Part I : And end-to-end Big Data solution using HDInsight anf Hive AND Predicting delay using HDInsight and Azure Machine learning
This is the first part of a 2 part session. The second part will show how to use the data for predicting airline delay. By now you've probably heard about Big Data 1.000 times or more so why a new session about big data you might ask.
Well first of all because this sessions presents an end-to-end Big Data solution which a lot of people are asking for, to see how it fits in their existing BI / DataWarehouse environment and investment. Secondly because we need to We are going to use a couple of years of airline on-time performance data which is published by the Bureau of Transportations Statistics. This session will show you how :
- Downloads and prepares several years of demo data and storing it in a dedicated Azure Blob Storage account.

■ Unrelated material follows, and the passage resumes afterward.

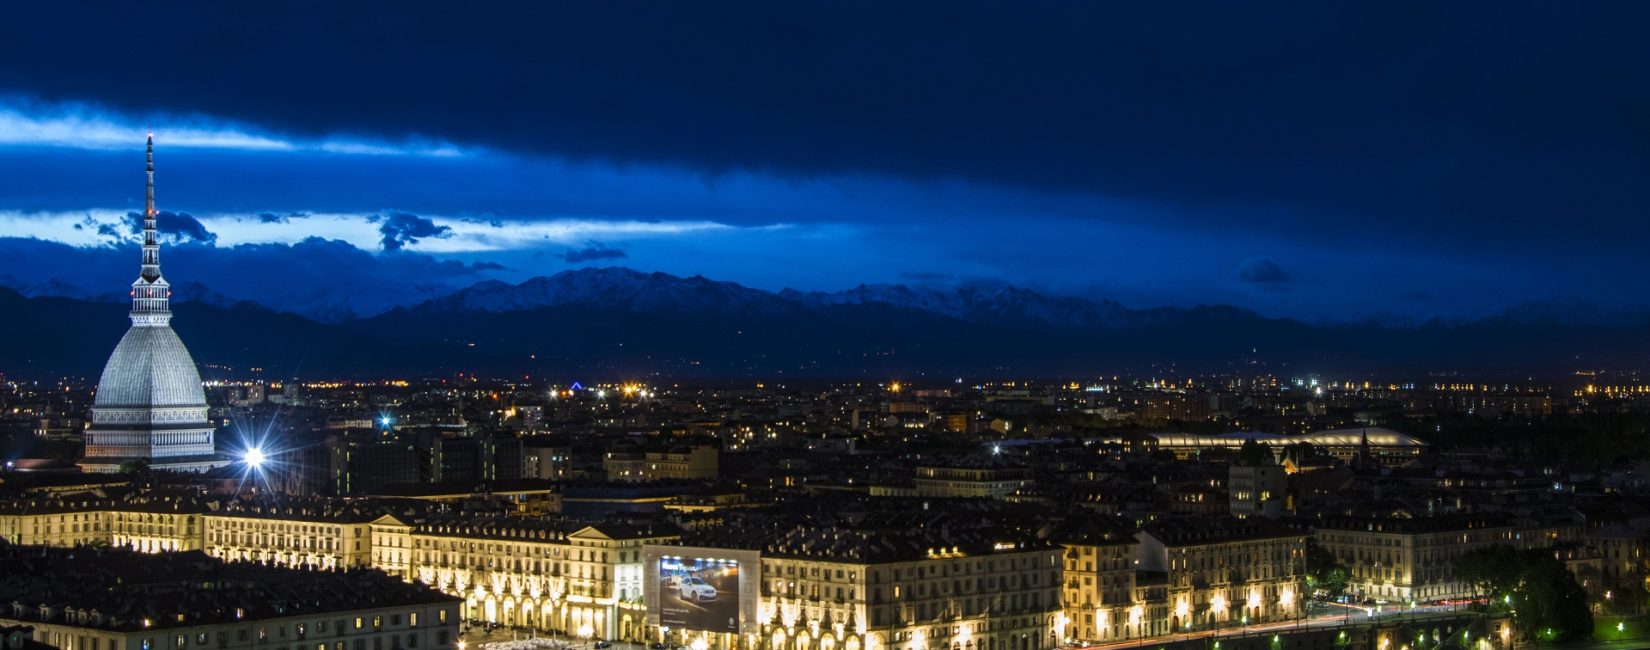 Vivi la Torino notturna

- Create a storage account and container for the HDInsight Cluster.
- Create a SQL database server instance and a SQL database for the Hive Metastore. We will also setup the necessary firewall rules so that you can access the server directly.
- The HDInsight cluster is provisioned and configured for access to the sample data.
- A partitioned Hive table is created over top of the sample data
- Exploration of the result
Attend this session to Learn how to use HDInsight, use Azure Storage, Create Database, and finally explore the data and result – After this session, you will be able to use the powerfull server setup that Azure is, we'll show you how easy it is to create new servers and storage for later use.